◆ **To do**: Find the word "Fire" in the records and copy every line where it occurs.
↓
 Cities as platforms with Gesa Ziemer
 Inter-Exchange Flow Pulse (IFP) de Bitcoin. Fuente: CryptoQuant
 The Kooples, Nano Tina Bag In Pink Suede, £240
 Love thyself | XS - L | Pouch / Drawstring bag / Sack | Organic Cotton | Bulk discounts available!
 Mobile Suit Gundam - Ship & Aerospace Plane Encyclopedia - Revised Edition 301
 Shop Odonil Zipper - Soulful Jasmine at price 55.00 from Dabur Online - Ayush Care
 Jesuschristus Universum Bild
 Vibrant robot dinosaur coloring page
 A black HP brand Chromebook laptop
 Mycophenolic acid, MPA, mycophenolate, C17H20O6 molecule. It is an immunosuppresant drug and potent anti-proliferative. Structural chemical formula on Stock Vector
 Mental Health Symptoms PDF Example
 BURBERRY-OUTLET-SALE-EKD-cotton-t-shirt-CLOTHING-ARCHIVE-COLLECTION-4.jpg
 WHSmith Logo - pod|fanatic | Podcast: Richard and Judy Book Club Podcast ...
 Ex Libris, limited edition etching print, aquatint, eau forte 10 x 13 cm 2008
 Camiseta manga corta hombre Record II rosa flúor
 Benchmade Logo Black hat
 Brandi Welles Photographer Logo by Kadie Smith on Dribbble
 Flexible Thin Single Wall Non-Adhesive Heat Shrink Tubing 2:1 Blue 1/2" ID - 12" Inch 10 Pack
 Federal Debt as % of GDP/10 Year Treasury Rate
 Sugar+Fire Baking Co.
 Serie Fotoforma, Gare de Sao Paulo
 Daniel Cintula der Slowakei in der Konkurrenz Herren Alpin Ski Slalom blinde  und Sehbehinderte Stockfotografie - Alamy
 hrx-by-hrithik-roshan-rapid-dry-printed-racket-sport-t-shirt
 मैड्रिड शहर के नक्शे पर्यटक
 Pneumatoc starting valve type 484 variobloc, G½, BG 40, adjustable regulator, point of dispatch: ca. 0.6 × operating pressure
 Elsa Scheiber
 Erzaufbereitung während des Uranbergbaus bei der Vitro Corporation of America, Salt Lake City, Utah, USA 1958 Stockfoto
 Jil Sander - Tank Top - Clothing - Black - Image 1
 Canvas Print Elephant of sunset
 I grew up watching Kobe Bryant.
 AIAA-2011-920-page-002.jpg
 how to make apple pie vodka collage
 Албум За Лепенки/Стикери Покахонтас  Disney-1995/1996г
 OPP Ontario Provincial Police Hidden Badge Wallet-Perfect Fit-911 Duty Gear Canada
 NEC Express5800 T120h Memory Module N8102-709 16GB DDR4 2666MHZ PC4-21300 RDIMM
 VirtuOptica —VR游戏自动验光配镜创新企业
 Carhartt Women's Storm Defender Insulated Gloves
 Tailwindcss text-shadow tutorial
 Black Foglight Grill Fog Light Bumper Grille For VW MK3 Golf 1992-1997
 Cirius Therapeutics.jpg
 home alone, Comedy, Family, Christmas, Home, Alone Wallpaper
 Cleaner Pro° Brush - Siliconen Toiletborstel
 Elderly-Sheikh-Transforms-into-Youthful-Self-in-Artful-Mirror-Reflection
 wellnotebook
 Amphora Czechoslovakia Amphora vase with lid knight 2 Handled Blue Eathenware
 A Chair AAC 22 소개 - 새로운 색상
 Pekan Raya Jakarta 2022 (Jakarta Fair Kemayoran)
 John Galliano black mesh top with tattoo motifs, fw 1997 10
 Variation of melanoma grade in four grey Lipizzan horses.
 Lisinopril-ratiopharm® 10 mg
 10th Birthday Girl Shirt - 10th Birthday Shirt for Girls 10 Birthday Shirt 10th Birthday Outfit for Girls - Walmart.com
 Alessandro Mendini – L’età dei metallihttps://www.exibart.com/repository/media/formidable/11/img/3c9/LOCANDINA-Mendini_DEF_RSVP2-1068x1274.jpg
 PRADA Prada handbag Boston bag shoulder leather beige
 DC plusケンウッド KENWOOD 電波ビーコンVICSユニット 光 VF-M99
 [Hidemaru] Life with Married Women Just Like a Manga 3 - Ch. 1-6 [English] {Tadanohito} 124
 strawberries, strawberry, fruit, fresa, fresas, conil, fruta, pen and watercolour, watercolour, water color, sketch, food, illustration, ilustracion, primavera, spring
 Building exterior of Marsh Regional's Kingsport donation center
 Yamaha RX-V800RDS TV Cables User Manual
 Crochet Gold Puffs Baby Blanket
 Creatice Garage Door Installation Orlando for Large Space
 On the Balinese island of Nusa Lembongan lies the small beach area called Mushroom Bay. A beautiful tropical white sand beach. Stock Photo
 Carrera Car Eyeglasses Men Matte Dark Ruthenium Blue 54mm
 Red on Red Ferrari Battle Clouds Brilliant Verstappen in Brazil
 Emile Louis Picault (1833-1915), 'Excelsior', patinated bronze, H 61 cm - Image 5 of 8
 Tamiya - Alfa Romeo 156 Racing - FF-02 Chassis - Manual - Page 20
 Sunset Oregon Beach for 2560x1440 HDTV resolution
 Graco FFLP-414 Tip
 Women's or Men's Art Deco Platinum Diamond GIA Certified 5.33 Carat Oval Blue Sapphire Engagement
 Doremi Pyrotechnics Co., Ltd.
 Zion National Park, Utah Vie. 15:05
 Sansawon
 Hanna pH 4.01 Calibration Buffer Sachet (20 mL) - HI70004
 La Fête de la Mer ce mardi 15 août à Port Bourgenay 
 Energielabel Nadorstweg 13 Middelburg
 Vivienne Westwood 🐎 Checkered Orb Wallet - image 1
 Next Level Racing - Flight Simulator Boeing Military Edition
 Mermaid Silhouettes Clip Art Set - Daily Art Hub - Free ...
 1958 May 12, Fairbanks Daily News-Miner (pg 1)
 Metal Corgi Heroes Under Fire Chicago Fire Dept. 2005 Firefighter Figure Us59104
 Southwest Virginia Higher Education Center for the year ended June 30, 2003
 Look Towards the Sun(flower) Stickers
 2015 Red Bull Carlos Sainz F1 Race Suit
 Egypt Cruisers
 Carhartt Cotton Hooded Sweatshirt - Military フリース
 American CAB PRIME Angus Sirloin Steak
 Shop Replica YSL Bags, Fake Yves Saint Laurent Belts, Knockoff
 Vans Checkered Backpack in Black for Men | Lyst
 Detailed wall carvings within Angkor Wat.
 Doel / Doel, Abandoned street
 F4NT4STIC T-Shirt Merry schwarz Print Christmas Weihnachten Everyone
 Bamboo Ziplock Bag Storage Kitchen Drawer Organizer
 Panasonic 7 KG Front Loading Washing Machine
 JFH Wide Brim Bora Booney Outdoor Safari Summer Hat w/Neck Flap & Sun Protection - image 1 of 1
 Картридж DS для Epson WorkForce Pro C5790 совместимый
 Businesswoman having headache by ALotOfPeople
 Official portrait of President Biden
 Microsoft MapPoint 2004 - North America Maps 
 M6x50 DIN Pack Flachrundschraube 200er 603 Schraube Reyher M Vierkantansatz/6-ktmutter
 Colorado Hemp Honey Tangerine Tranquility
↑
◆ **Exercise output**:
 Sugar+Fire Baking Co.
 Metal Corgi Heroes Under Fire Chicago Fire Dept. 2005 Firefighter Figure Us59104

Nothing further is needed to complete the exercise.